The Iranian regime is experiencing its weakest phase in 20 years:

Crippling inflation

Continuous protests

Power-center clashes

International pressure over the nuclear file

So it manufactures external crises to project the illusion of a “resilient regime.”

 

2) Testing Regional Reactions

Shariatmadari’s remarks are not random.

They are a trial balloon to measure Gulf and global responses.

 

3) A Misreading of the Era — and of the New Gulf

Iran still speaks with the tone of old empires
while the Gulf speaks with the language of:

economy

technology

future

modern sovereignty

It is a 19th-century mindset, in a world racing toward 2030.

 

4) Ignoring the New Balance of Power

Today’s Gulf is not the Gulf of 40 years ago:

Joint defense frameworks

Strategic partnerships with the U.S., Europe, and Asia

Economies far surpassing Iran

A unified position on sovereignty

Any attempt to threaten any Gulf state has become political suicide.

 

This Is Not an Isolated Statement

These remarks intersect with:

Tehran’s rush into a “regional power contest” post-Gaza

Internal messaging that the regime still has “regional authority”
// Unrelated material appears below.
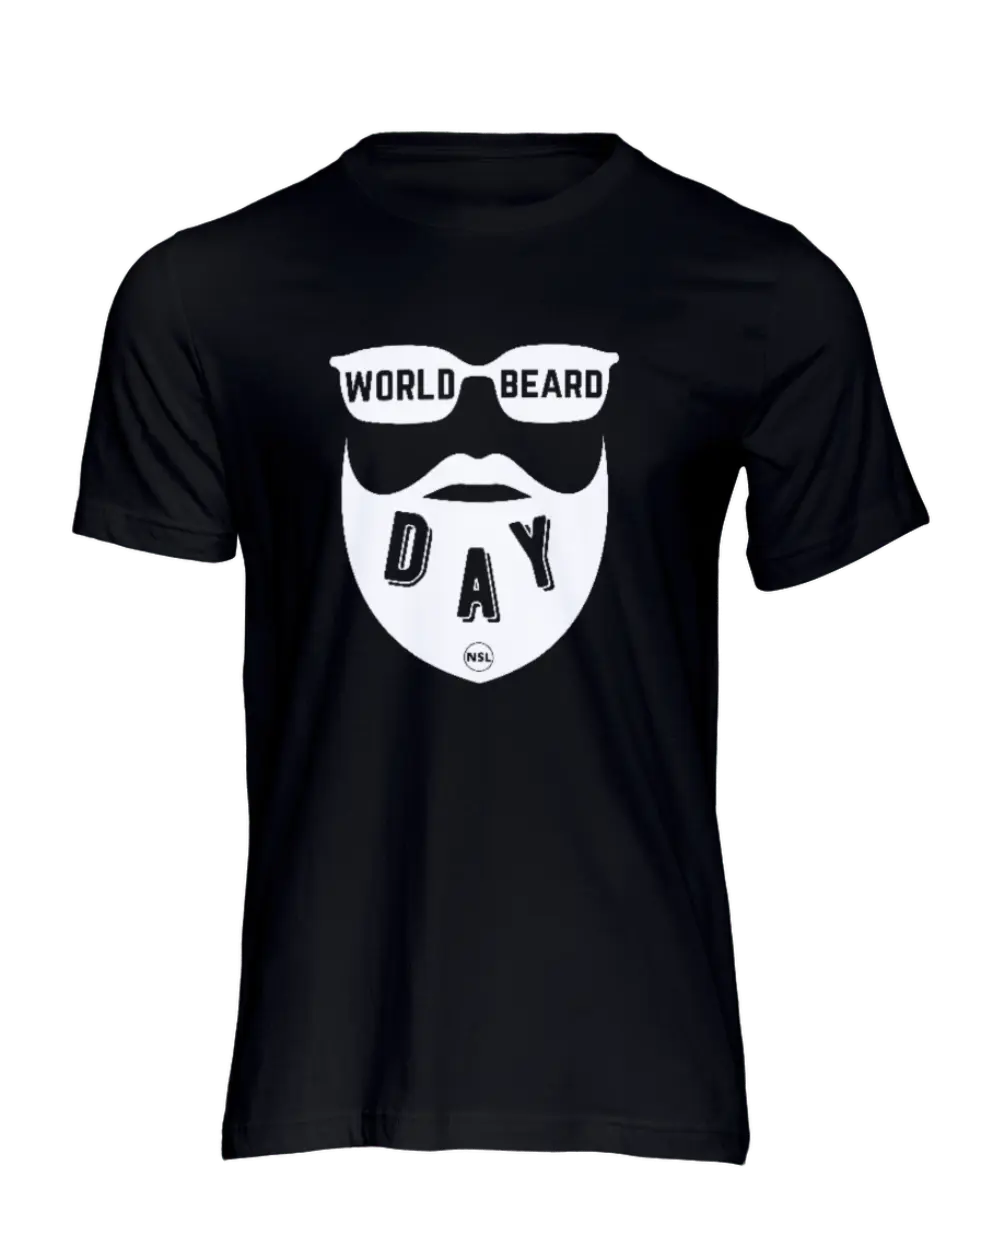 WORLD BEARD DAY Ver 4 Black Men's  T-Shirt

Confusion in Khamenei’s strategic circle after losing:

Iraq to international balancing

Lebanon to collapse

Syria to Russia

Yemen to the international coalition

So the regime searches for a new arena… choosing Bahrain and the UAE rhetorically.

 

Why Does Khamenei Appear as If He Lives in Another Age?

• A rigid ideological framework

Built on imperial nostalgia — not reality.
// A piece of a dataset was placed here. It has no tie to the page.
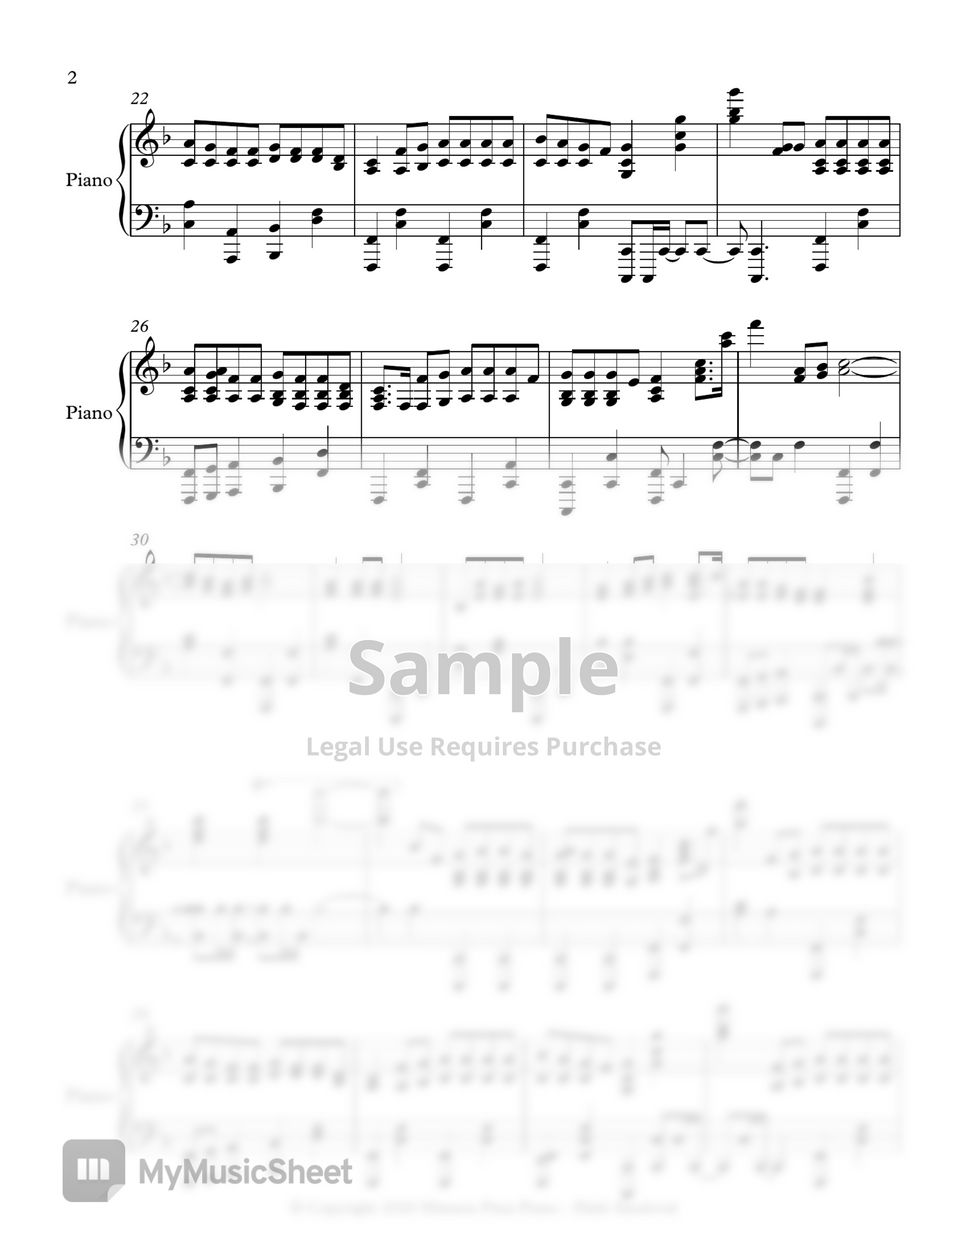 Himnario Adventista - Cuando suene la trompeta - Avanzada (Himno 169) by Himnos Pista Piano

• A narrow inner circle producing illusions

Advisers telling the Supreme Leader what he wants to hear… not what he must hear.

• Isolation from global shifts

While the world is entering the era of digital sovereignty,
Tehran is still speaking of “provinces” and “annexation.”

• A confrontational mindset frozen in time

Khamenei’s circle still thinks in terms of:
expansion – militias – proxy wars – conflict zones.

While the region has moved to:
economy – development – partnerships – the future.

 

Conclusion

Shariatmadari’s statements are not a slip of the tongue — they are a test message.
But they reveal clearly:

Iran is betting on outdated rhetoric…
in a region that has transformed completely.

The Gulf today is too strong to be shaken and too smart to be provoked.

 

A Question That Must Be Asked

Do Khamenei and his inner circle truly understand what they are saying?

Or has the Iranian regime become controlled by a deep state tied to networks that trade in chaos and weapons?

Or are we witnessing a terrorist organization wrapped in the cloth of a state called “Iran”, acting with the logic of a militia rather than a sovereign nation?

 

Two Closing Observations

▫️ Iran — a wealthy nation with a people longing to live in peace — is today run by a reckless militia and cells tied to terrorist networks.

Iran is a historic country with a people who deserve stability, yet it remains hostage to a narrow ruling circle that approaches the region with the logic of risk and confrontation, not the logic of statehood and responsibility.